## Exercise
Output all of the data exactly as it appears, but leave out any pictures it contains.

## Collected material
☆ ☆ ☆ ☆ ☆ ☆ ☆

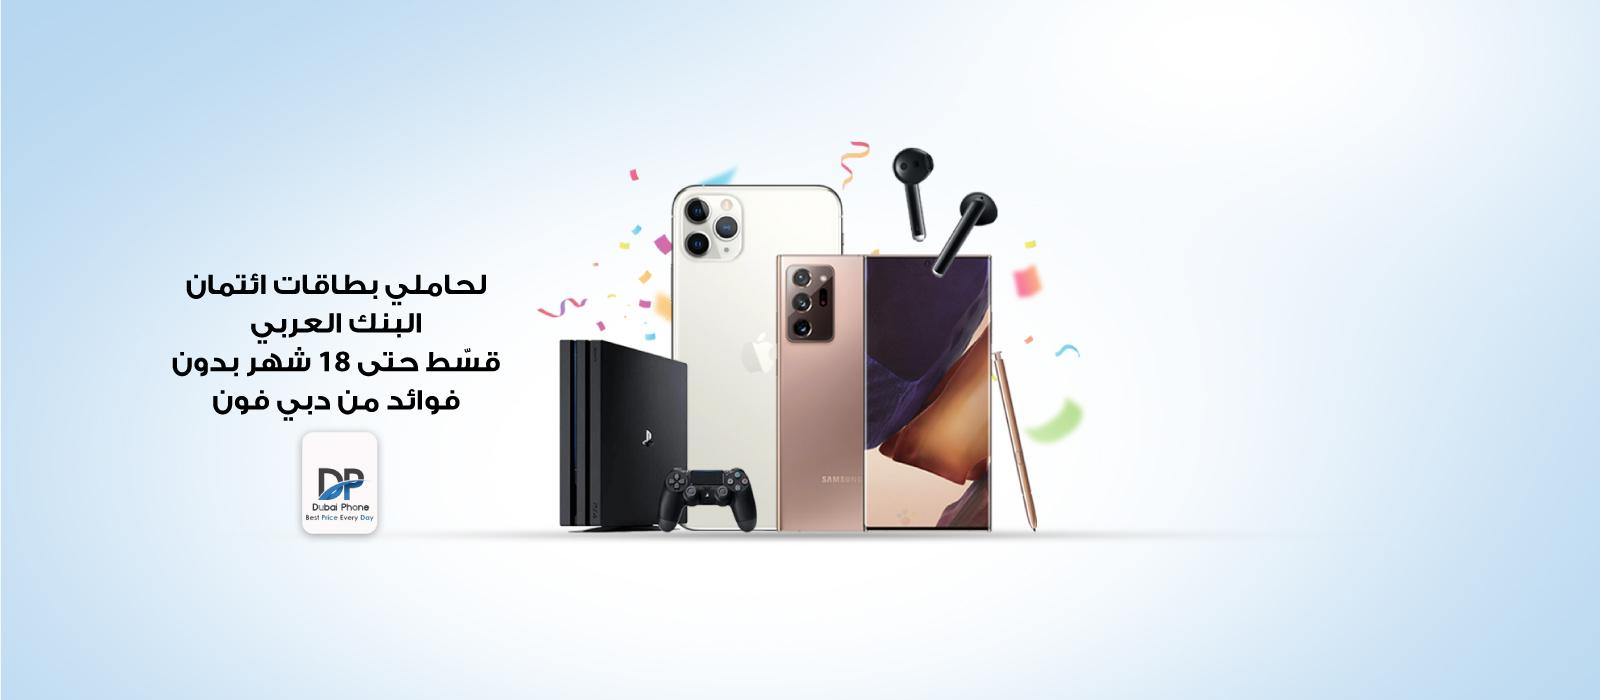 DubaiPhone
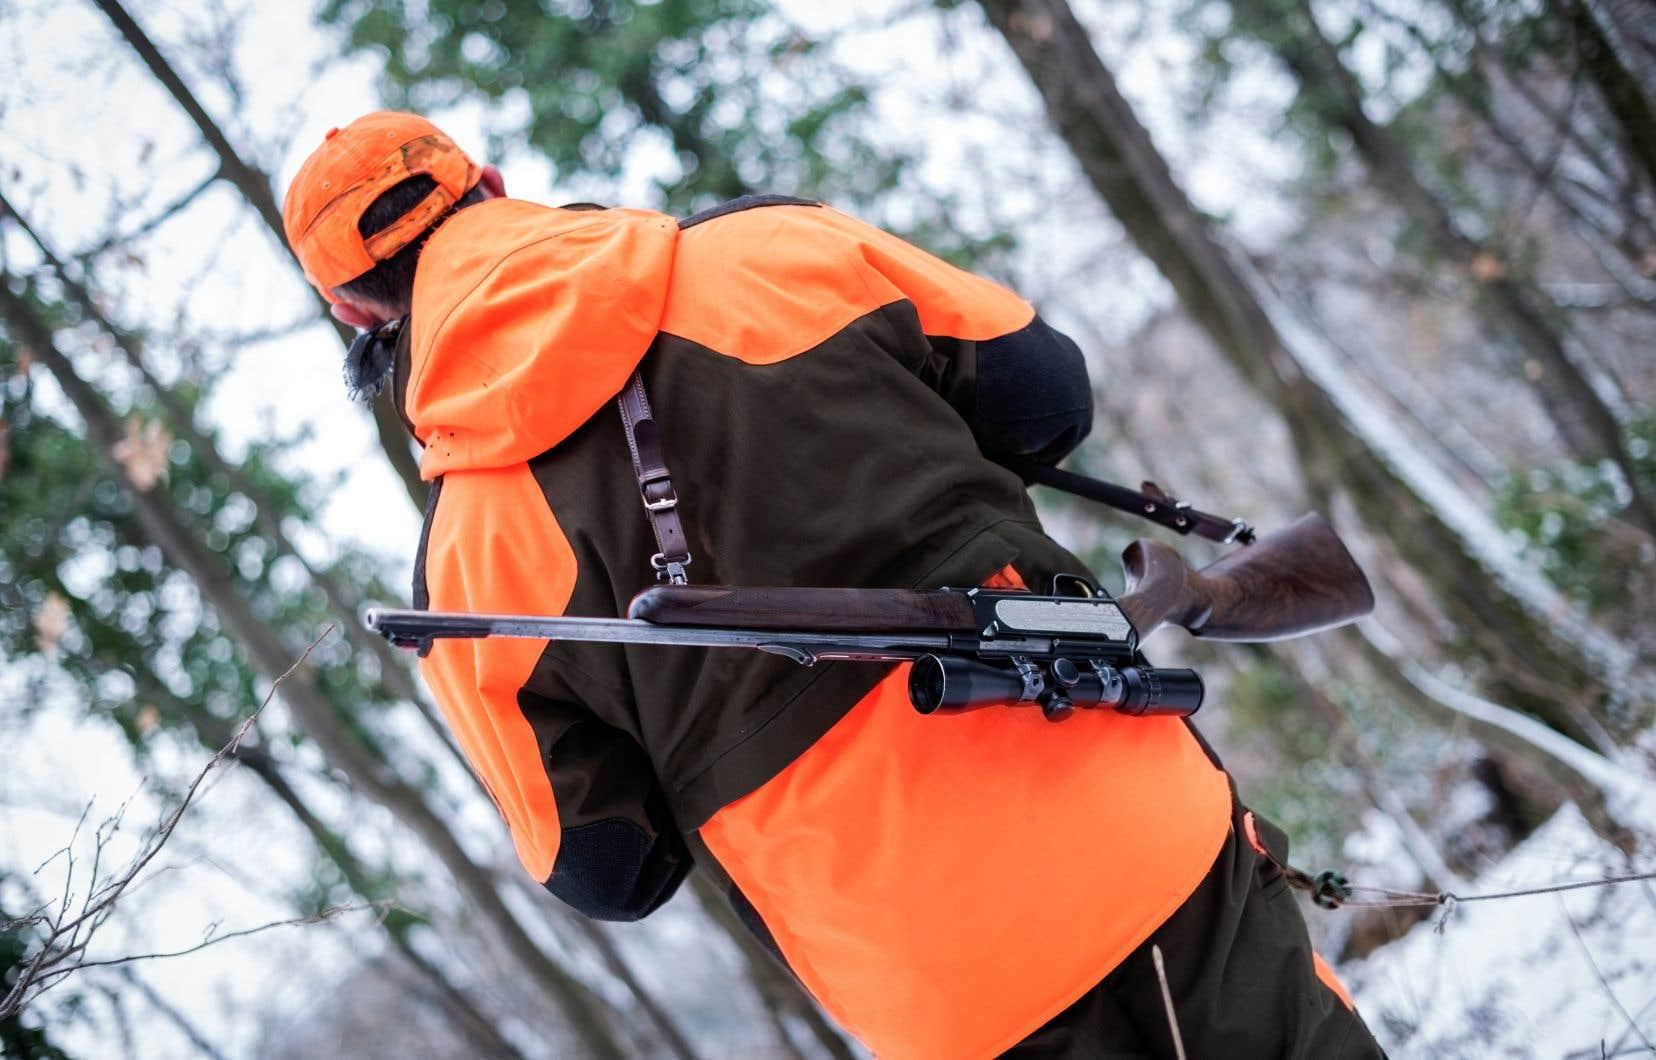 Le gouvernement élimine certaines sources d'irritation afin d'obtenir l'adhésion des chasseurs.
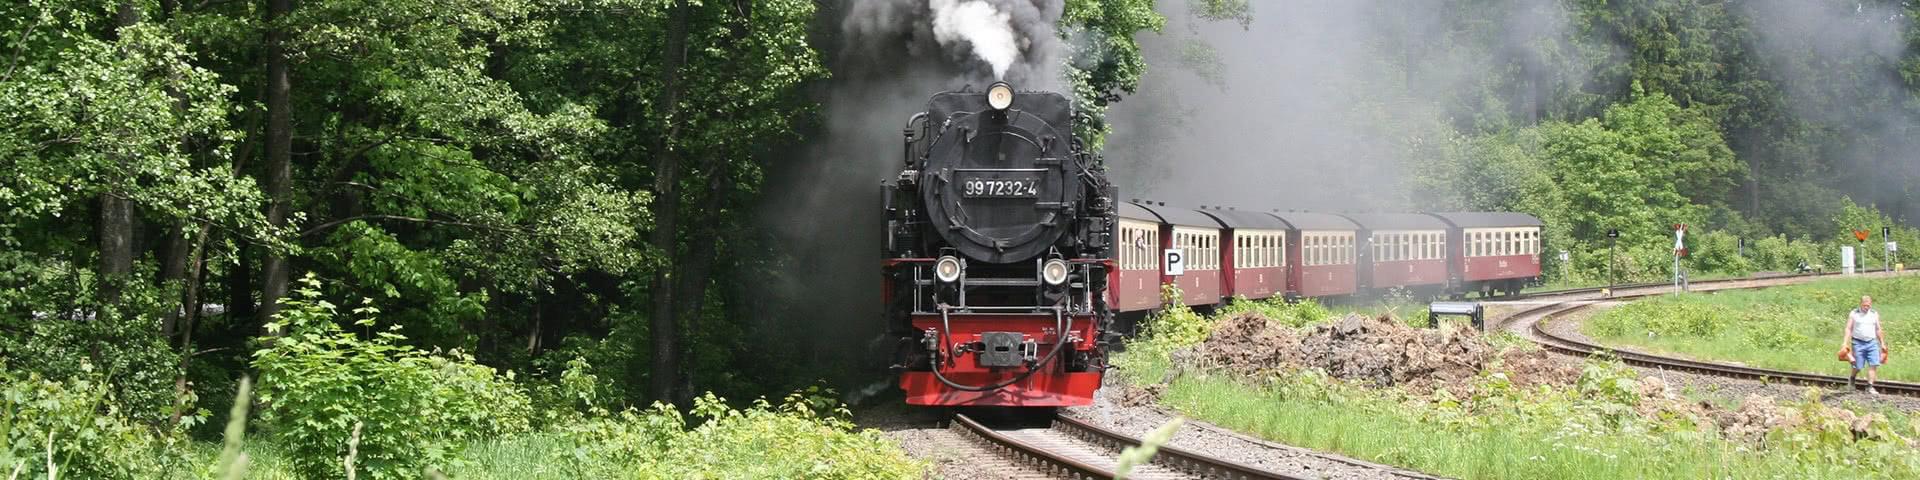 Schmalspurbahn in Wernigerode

☆ ☆ ☆ ☆ ☆ ☆ ☆

## Solution to the problem
 DubaiPhone
 Le gouvernement élimine certaines sources d'irritation afin d'obtenir l'adhésion des chasseurs.
 Schmalspurbahn in Wernigerode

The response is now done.